··· Recorded information

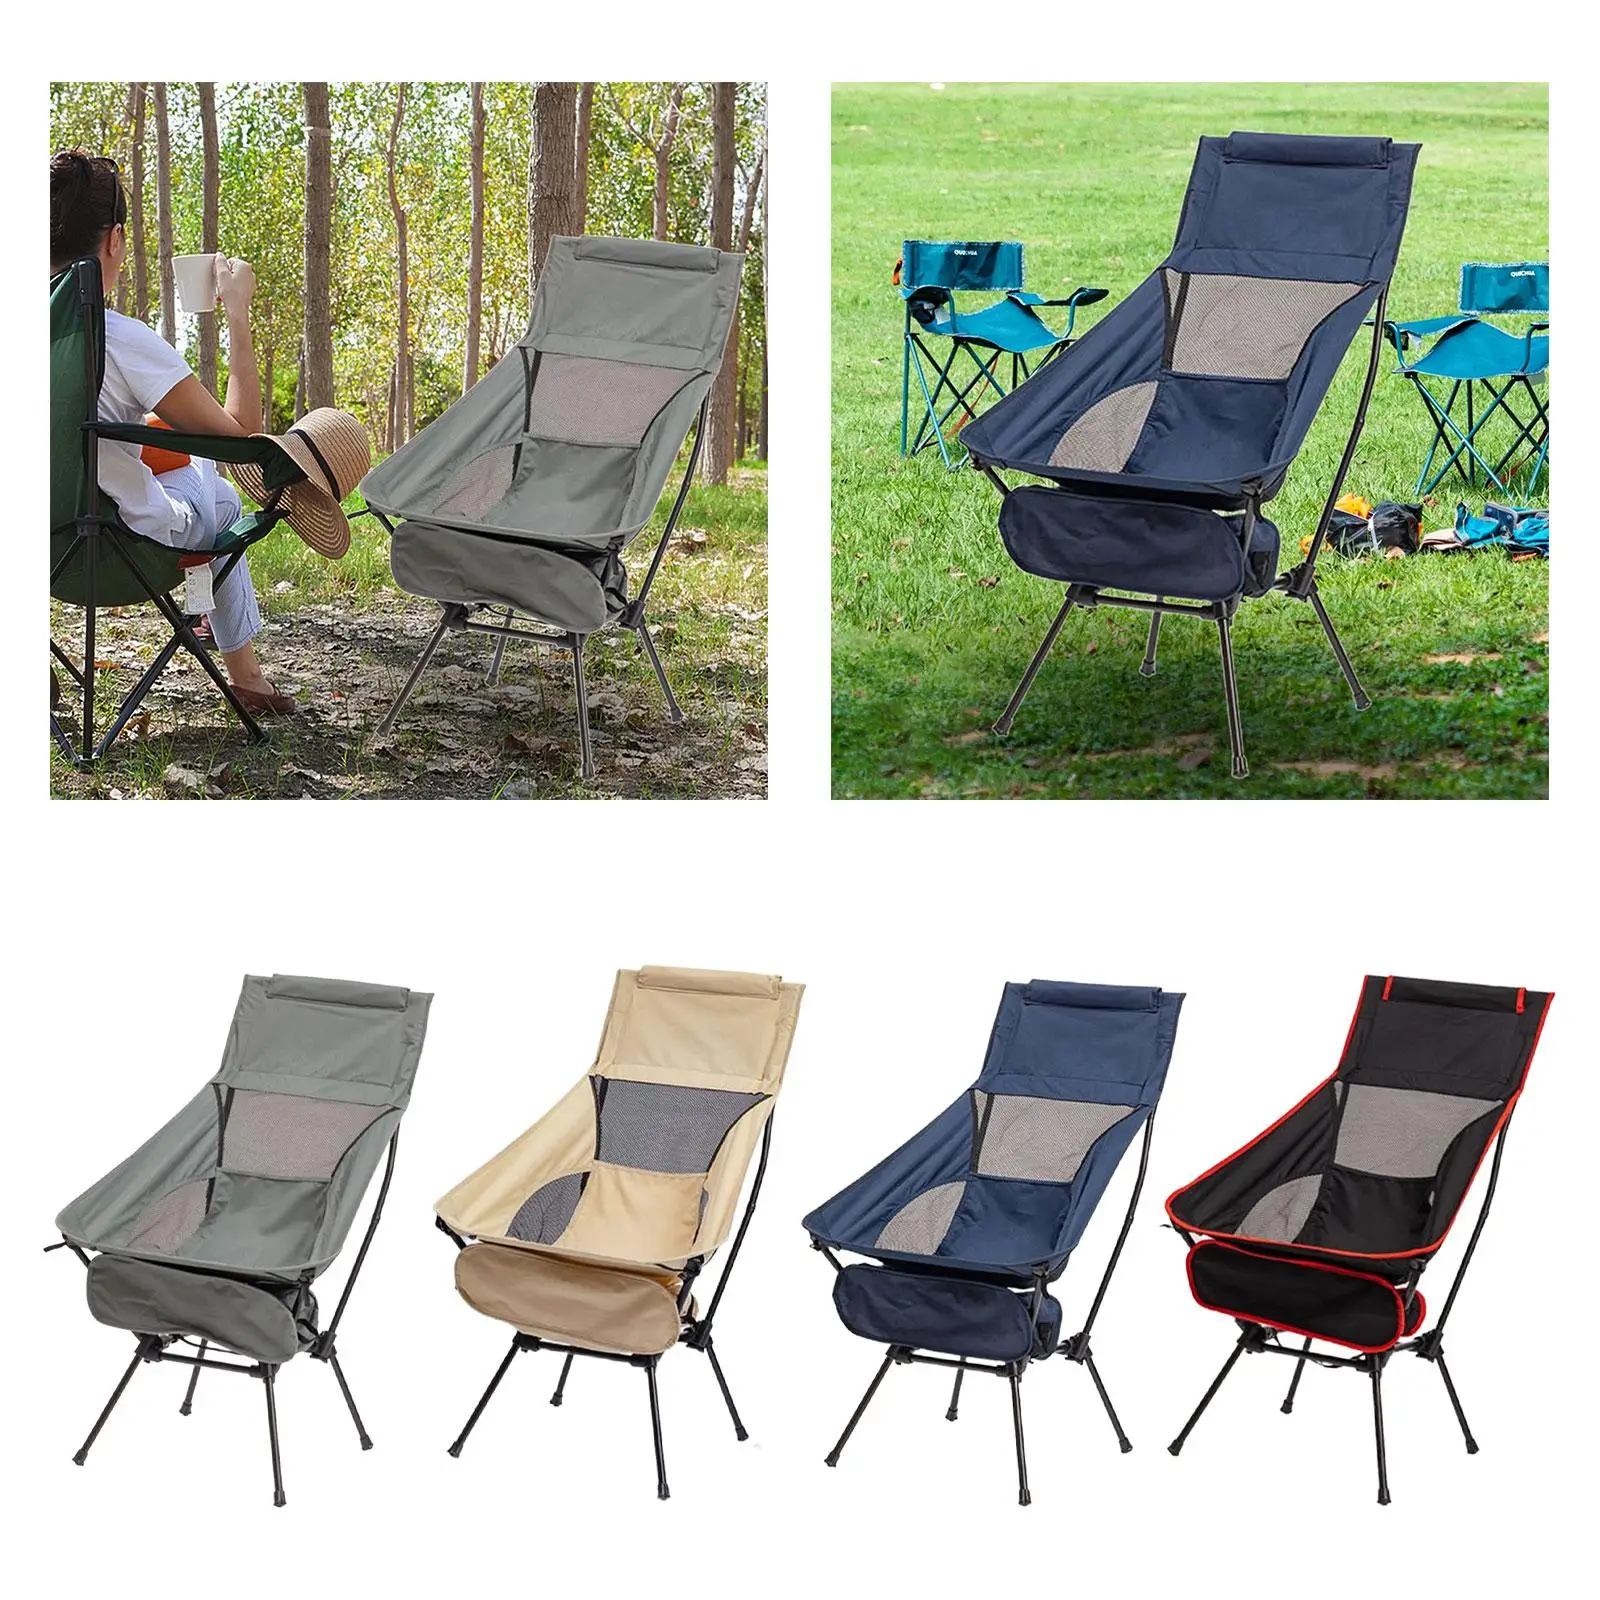 Collapsible Camping Chair Telescopic Stool Beach Chair Compact Portable Moon
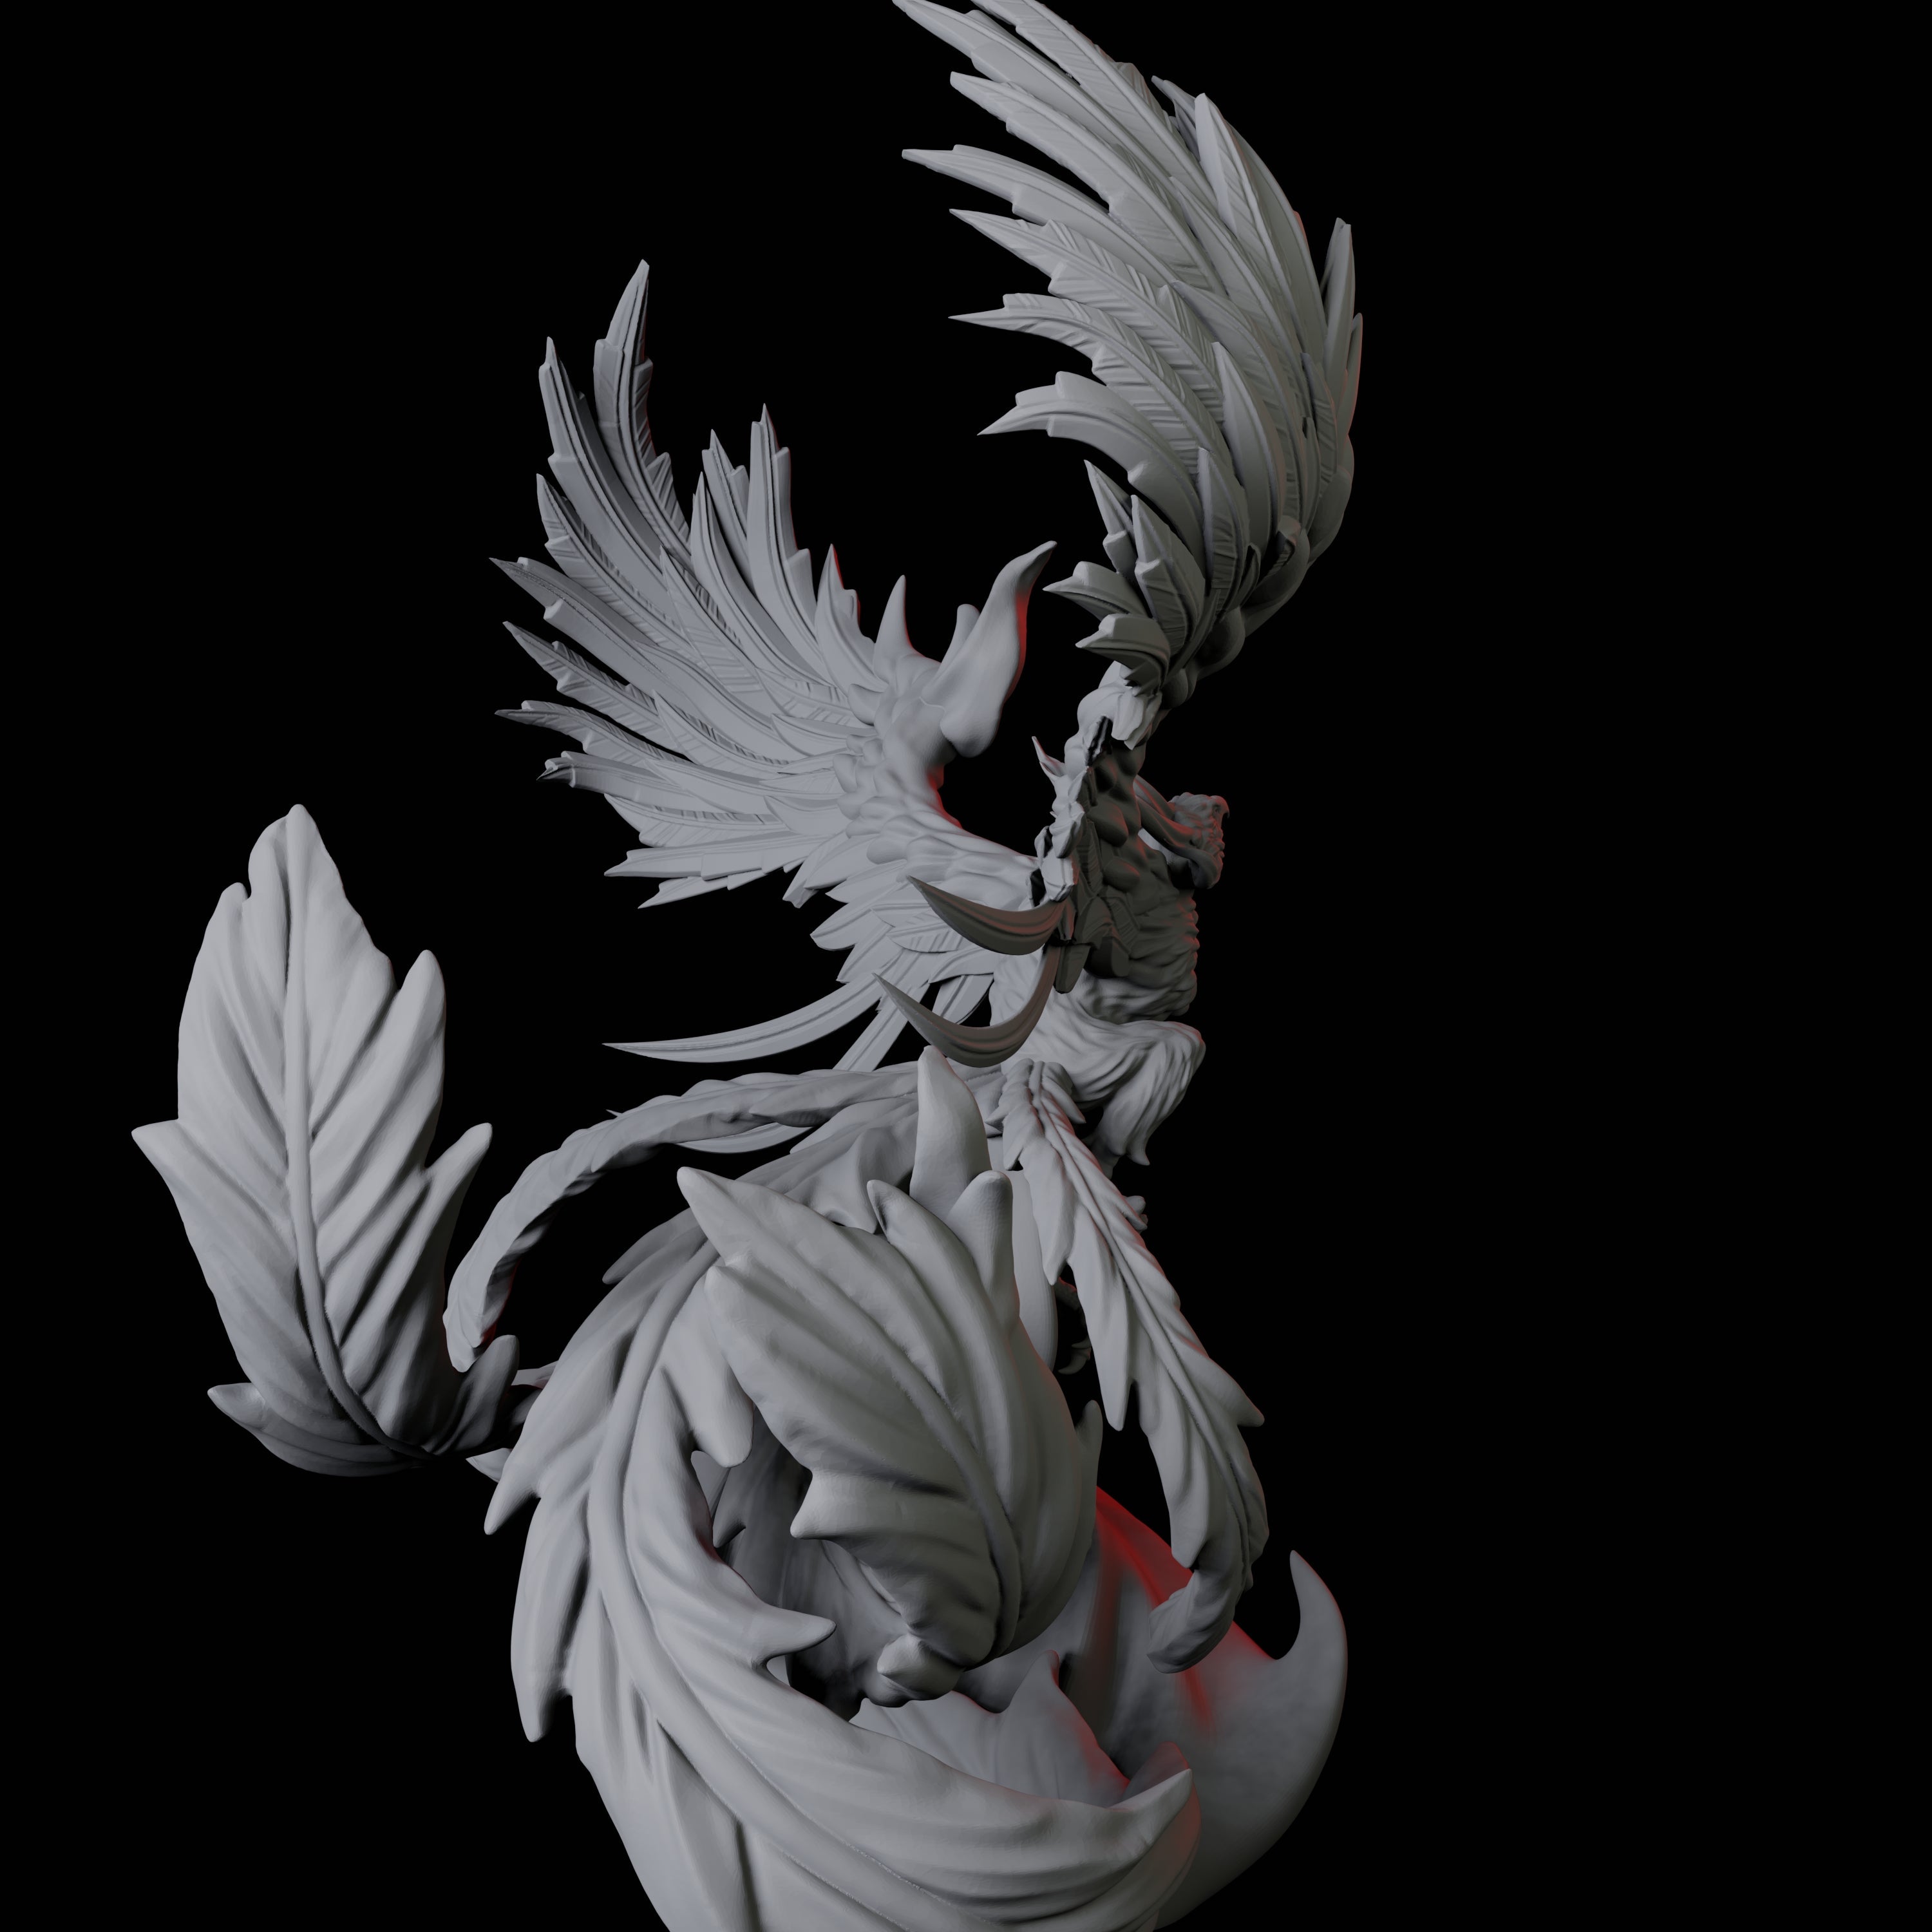 Majestic Blazing Phoenix Miniature for Dungeons and Dragons, Pathfinder or other TTRPGs
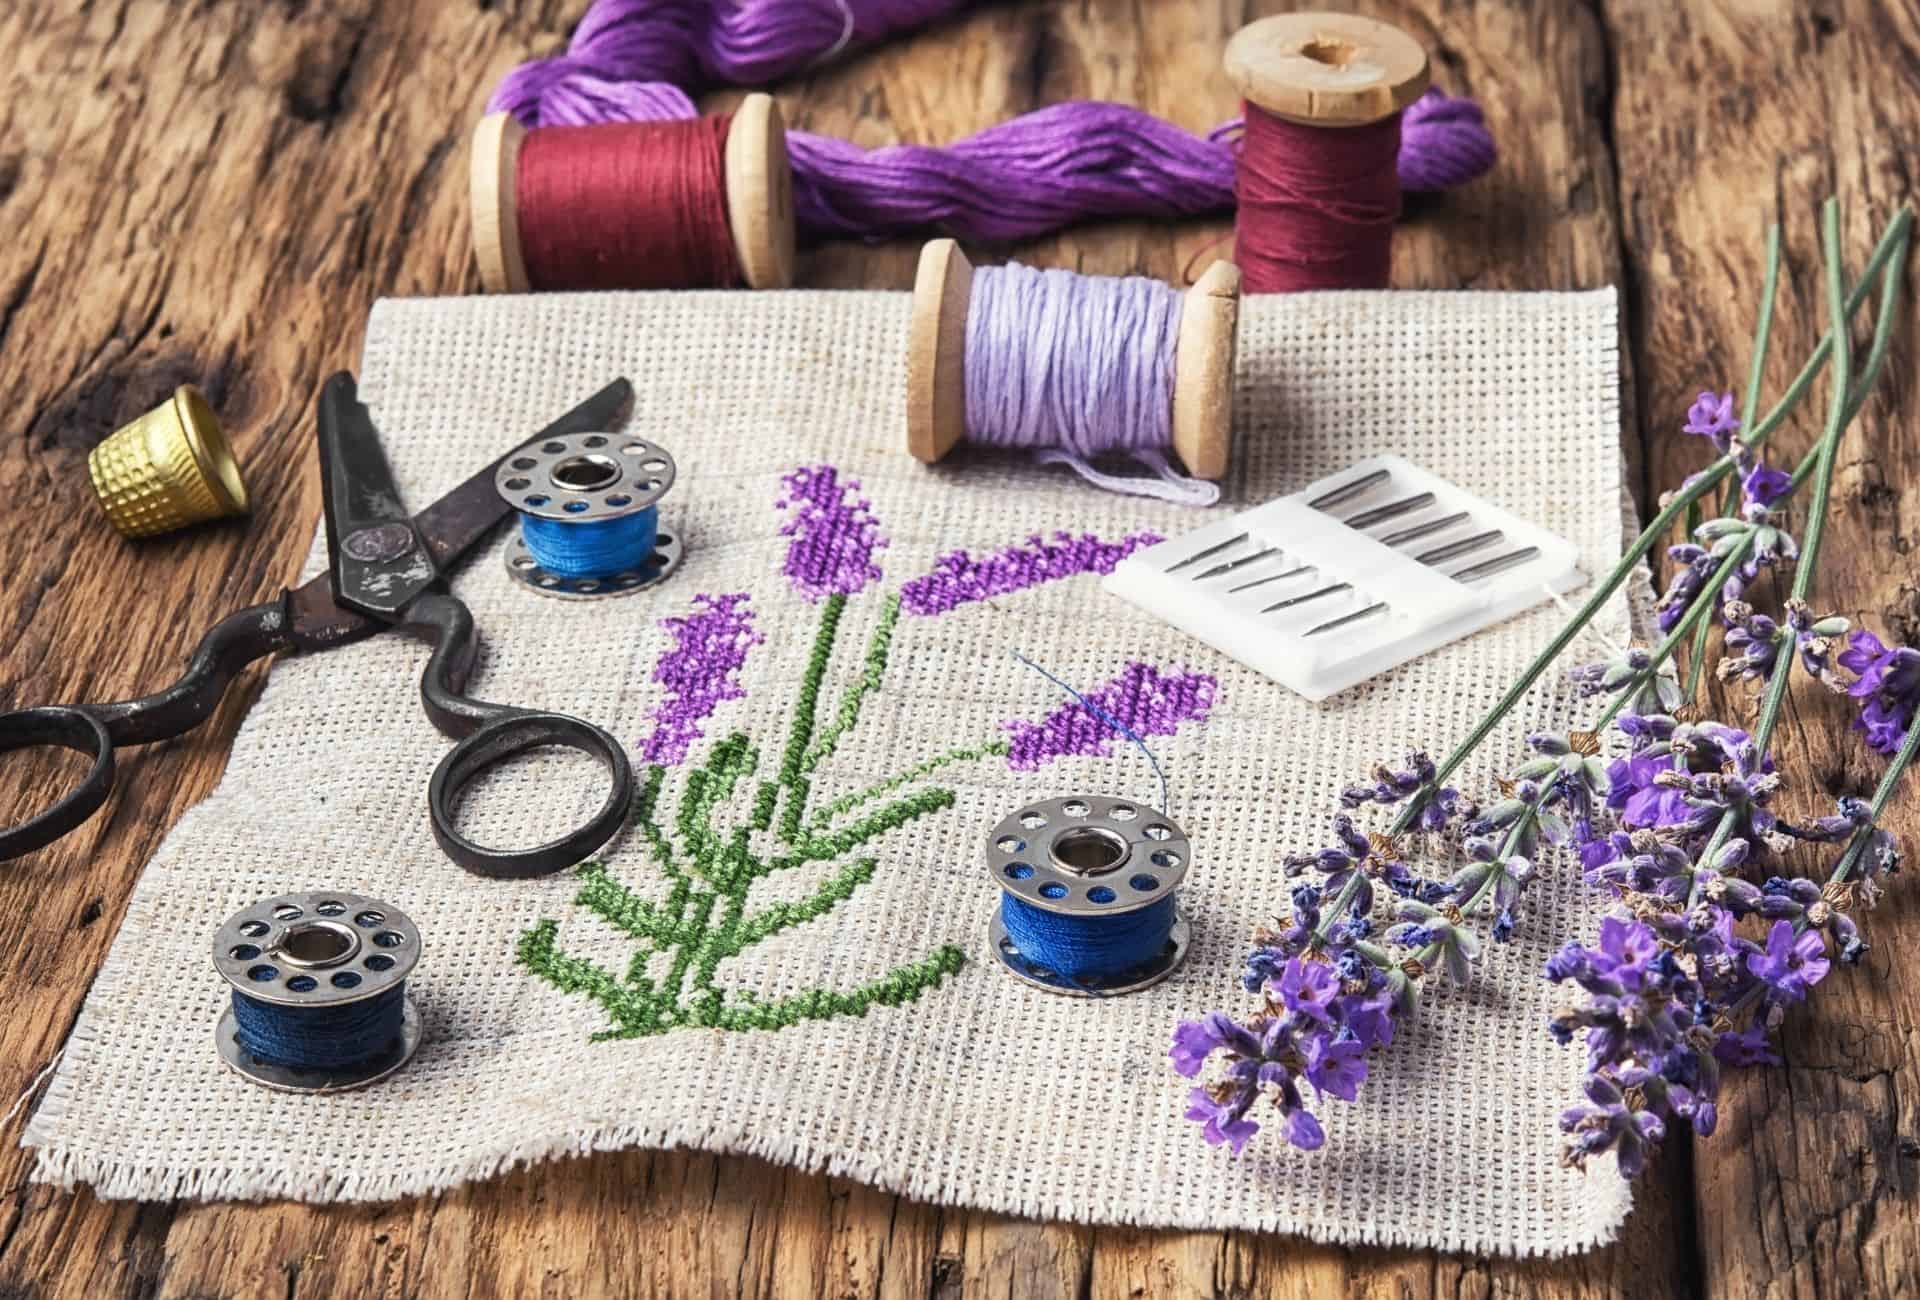 Lavender embroidery is arranged on the table with various tools.

······

◆ **Task item**: Exact reproduction is required for the lines from the one containing "Majestic Blazing Phoenix" through the end of the material, and for those lines only, without pictures.

◆ **Your response**:
 Majestic Blazing Phoenix Miniature for Dungeons and Dragons, Pathfinder or other TTRPGs
 Lavender embroidery is arranged on the table with various tools.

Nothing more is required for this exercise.